Together these phenomena—semantic organization, ambiguity, and one-to-one
structure—provide three cases in which equilibria that are predicted by theories of communication
at the pragmatic timescale are reflected in the structure of the lexicon at the language evolution
timescale. While this similarity across timescales does not entail causality, it is suggestive of a
causal relationship between the two timescales. Next, we turn to accounts at both the pragmatic
and language evolution timescale for our linguistic feature of interest: length.

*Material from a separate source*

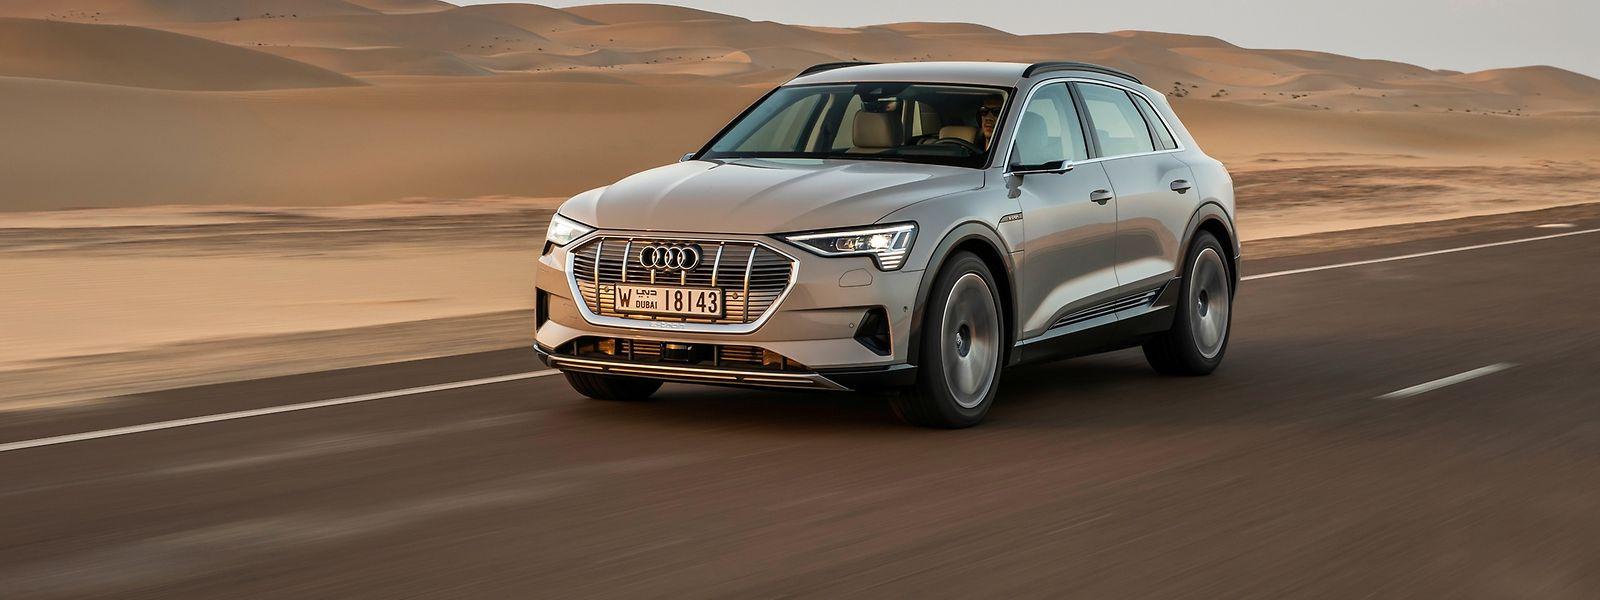 Der e-tron ist laut Audi ein Elektro-SUV für Sport, Familie und Freizeit.

Accounts of the length of linguistic elements
Language forms vary along many dimensions, but a salient dimension is length: words and
entire utterances can have dramatically different phonetic lengths. Researchers have studied this
variability at both the pragmatic timescale (utterances) and the language evolution timescale
(words). Our two hypotheses propose that variability at both timescales is related to the conceptual
complexity of meaning. Here, we review existing work at both timescales that attempts to account
for variability in language length. At the pragmatic timescale, three theories suggest that pragmatic
pressures influence the length of utterances: Zipfs theory of communication, Horn’s theory of
communication, and Information Theory. Hypothesis 1 falls directly out of both Horn’s theory of
communication and Information Theory. At the language evolution timescale, two bodies of work
account for word length by appealing to the predictability of the linguistic context and the
conceptual ‘markedness’ of meaning. While distinct from Hypothesis 2, both of these literatures
The length of words reflects their conceptual complexity 11
are consistent with the proposal that languages use longer words to encode conceptually more
complex meanings.
Zipf (1936) provided an early account of word length that appealed to a pragmatic pressure
to communicate efficiently. He argued that speakers are motivated to minimize their physical effort
and that this constraint could be optimally minimized by using shorter words for meanings that
were used to more frequently. This leads to the prediction that there should be an inverse
relationship between the length of a word and its frequency in usage—and, indeed, the empirical
data suggest a robust correlation between word length and word frequency.
Others, however, have proposed different pressures at the pragmatic timescale that might
influence the length of linguistic expressions. Both Horn’s theory of communication and
information theory predict that longer expressions should be associated with less predictable or
typical meanings than their shorter counter parts. Under Horn’s theory (1984), a speaker often has
the choice of using two different utterances to refer to the same meaning (in truth functional
terms), and often these utterances differ in length. Horn suggests that the sentences “Lee stopped
the car. and “Lee got the car to stop” have the same denotational meaning (the successful stopping
of a car), though they differ in length. The claim is that this asymmetry leads to an inference on the
part of the listener that the two differ in meaning.
The logic of this inference is identical to the lexical structure case above. The listener hears
a speaker use a more costly phrase to express a meaning that could have been expressed in a less
costly way. The listener thus infers that this other meaning could not be what the speaker intended
because this would violate the speaker’s principle to say no more than is necessary. Horn adds an
additional layer to this argument. He suggests that not only do these two forms differ in meaning,
but that they map onto meanings in a systematic way: The longer form gets mapped on to the more
unusual meaning, while the shorter form refers to the more usual meaning. Thus, in the above
example, the shorter utterance would refer to a simple, average case of car stopping, while longer
utterance might refer to case where something complex or unusual happened, perhaps because Lee
The length of words reflects their conceptual complexity 12
used the emergency brake.
The source of the particular mapping between forms of different lengths and meanings is
unclear. This is because in principle there are multiple equilibrium points in the mapping between
form and meaning. Assuming a one-to-one constraint on the mapping, there are two possible
equilibria: {short–simple, long–complex} or {short–complex, long–simple}. Both satisfy the
constraint that each form gets mapped to a unique meaning. So how do speakers arrive at the
{short–simple, long–complex} equilibrium? This is difficult to derive from models of pragmatic
reasoning. Bergen, Levy, and Goodman (under review) successfully derive this result as a
consequence of the fact that {short–simple, long–complex} is a more optimal mapping for the
speaker. Another possibility relies on iconicity: hearers have a cognitive bias to map more complex
sounding forms to meanings that are similarly complex.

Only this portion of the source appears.